Since President Lyndon B. Johnson, the White House photographer in many cases has been the other person in the room when the big decisions are made. Not speaking, not taking notes, but rather using his or her camera to record some of the most momentous decisions and events that have ever happened. Their job is to record history, not to make it or influence it.
There have been some legitimate complaints about lack of access for press photographers lately, and I’ve tried to address these. It’s worth noting that Pete Souza, the current Photographer-in-Chief, has taken some hits from the White House press corp because of their unhappiness over White House photo releases and what they feel is his unresponsiveness to their complaints. Because I haven’t covered this Administration I don’t know all the details, but I do know from my own experience as a former chief White House photographer that getting complaints from your colleagues goes with the turf. I have encouraged this White House to try and open the door a little wider for my colleagues, and strongly believe that the White House photographer shouldn’t be competing with the photographers in the press. I also think Pete’s job as a historian with a camera is exemplary, that he’s a real pro, and that his record will be regarded as one of the best.

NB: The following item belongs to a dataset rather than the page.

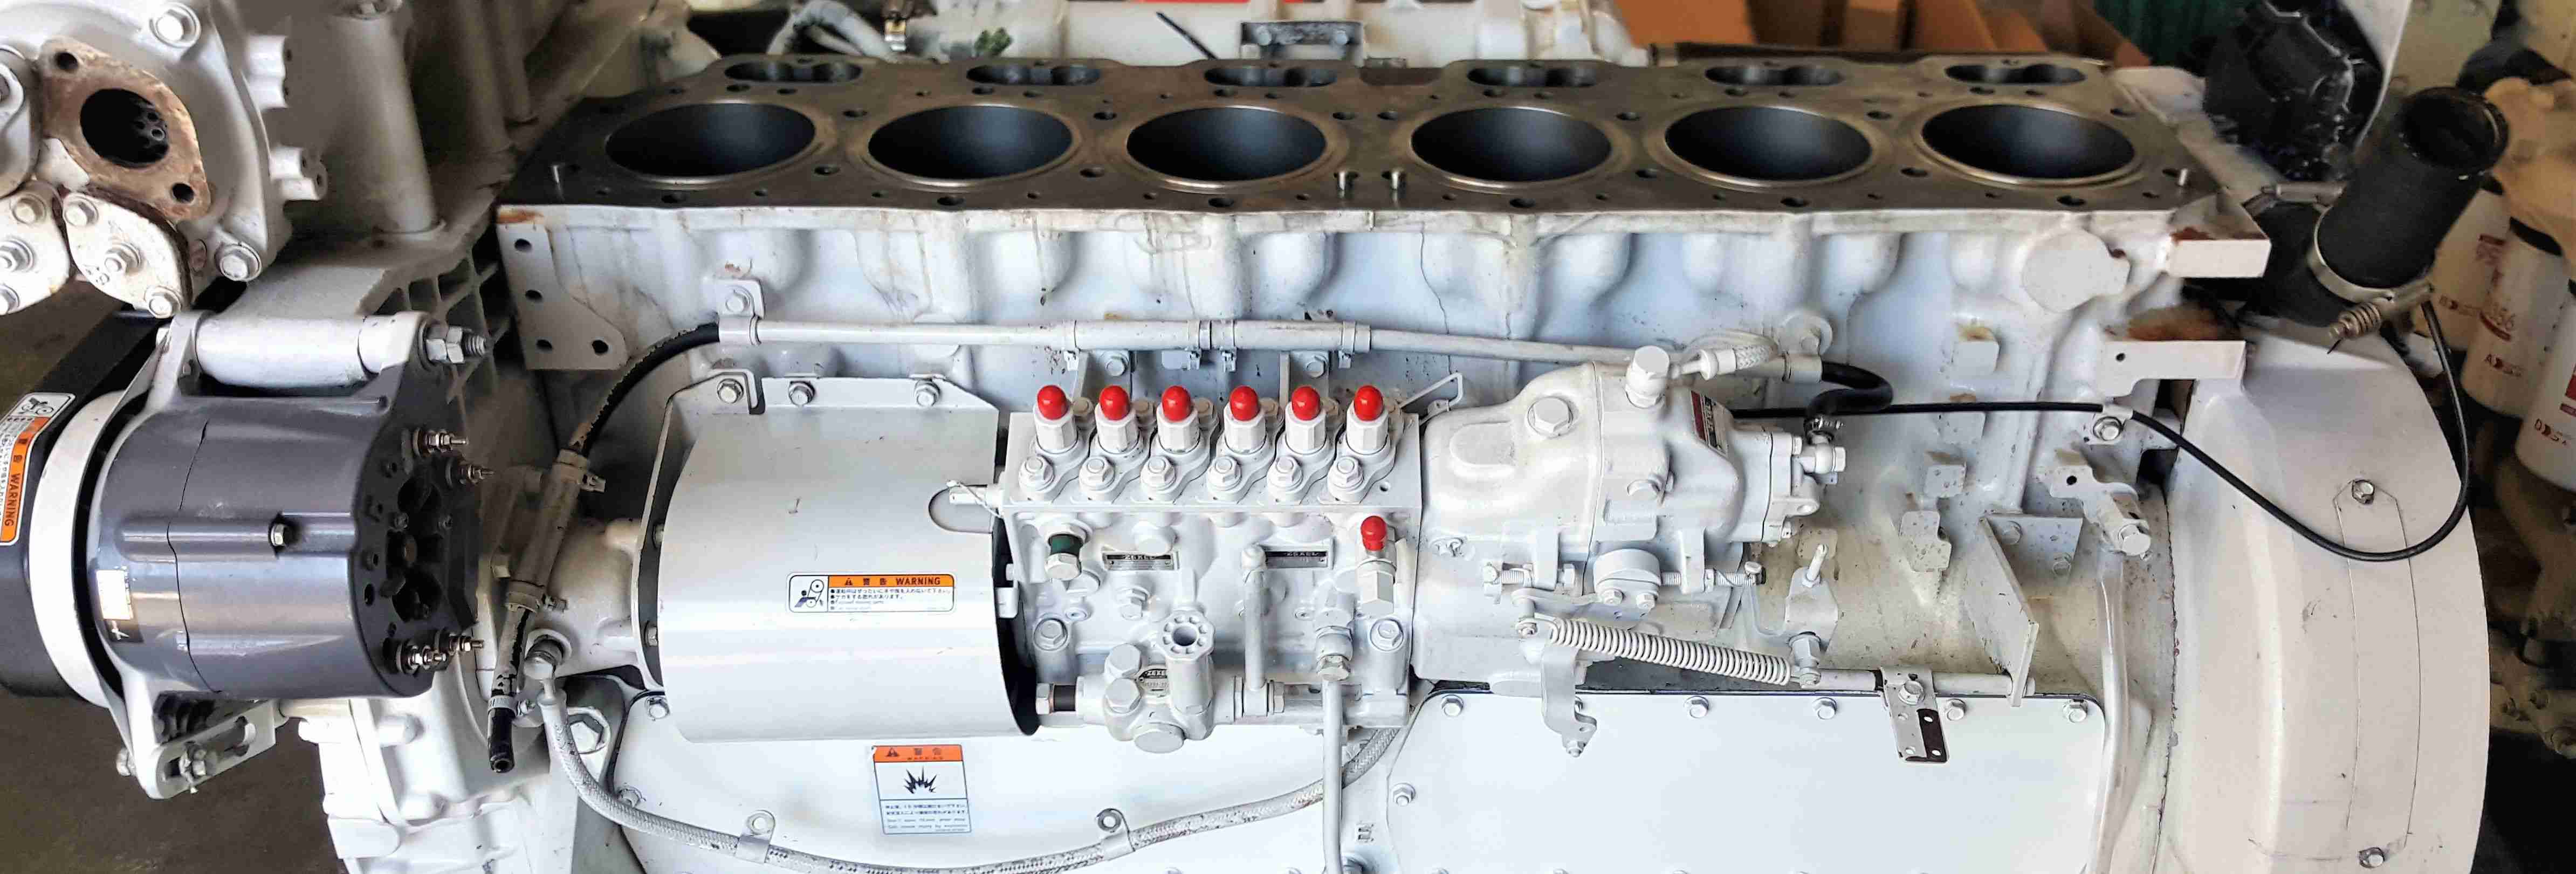 Yanmar marine diesel engine mechanics_Cairns

In the words of my friend, boss, and mentor President Gerald R. Ford, “You can disagree without being disagreeable.” The White House press corps, (and politicians also), might want to take that to heart.

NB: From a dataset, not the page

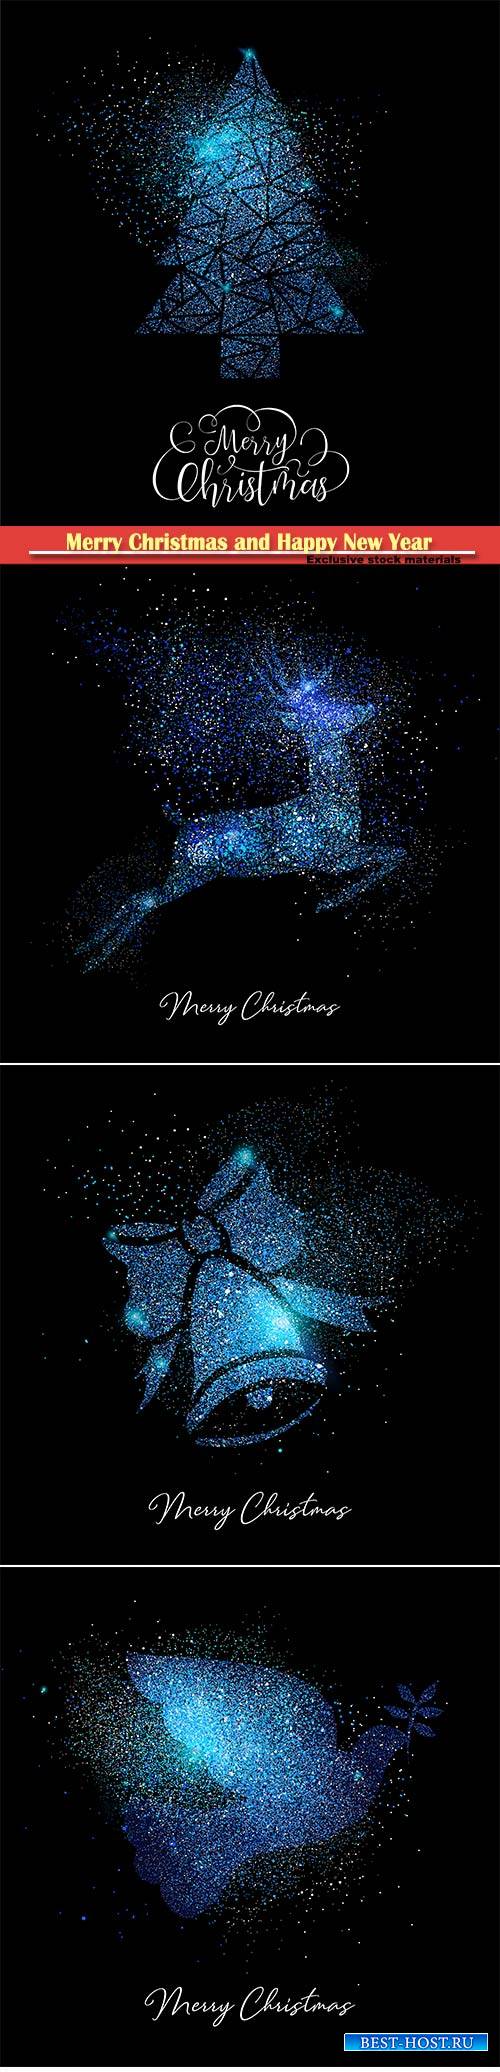 Merry Christmas blue glitter greeting vector card

The New York Times Lens blog posted two stories, yesterday and today about my views on the first official White House civilian photographer, Yoichi Okamoto, and the present one Pete Souza.
I include the links here:
The bottom line for me is that the White House photographer’s job is essential for recording history. Every one of us who held that position took flak from the press for one reason or another–anyone in public life does. But the important things is an honest and complete visual record left for the ages. Those photographs better inform understanding of the decisions that were made by the president and others, and what was going in in the room at the time.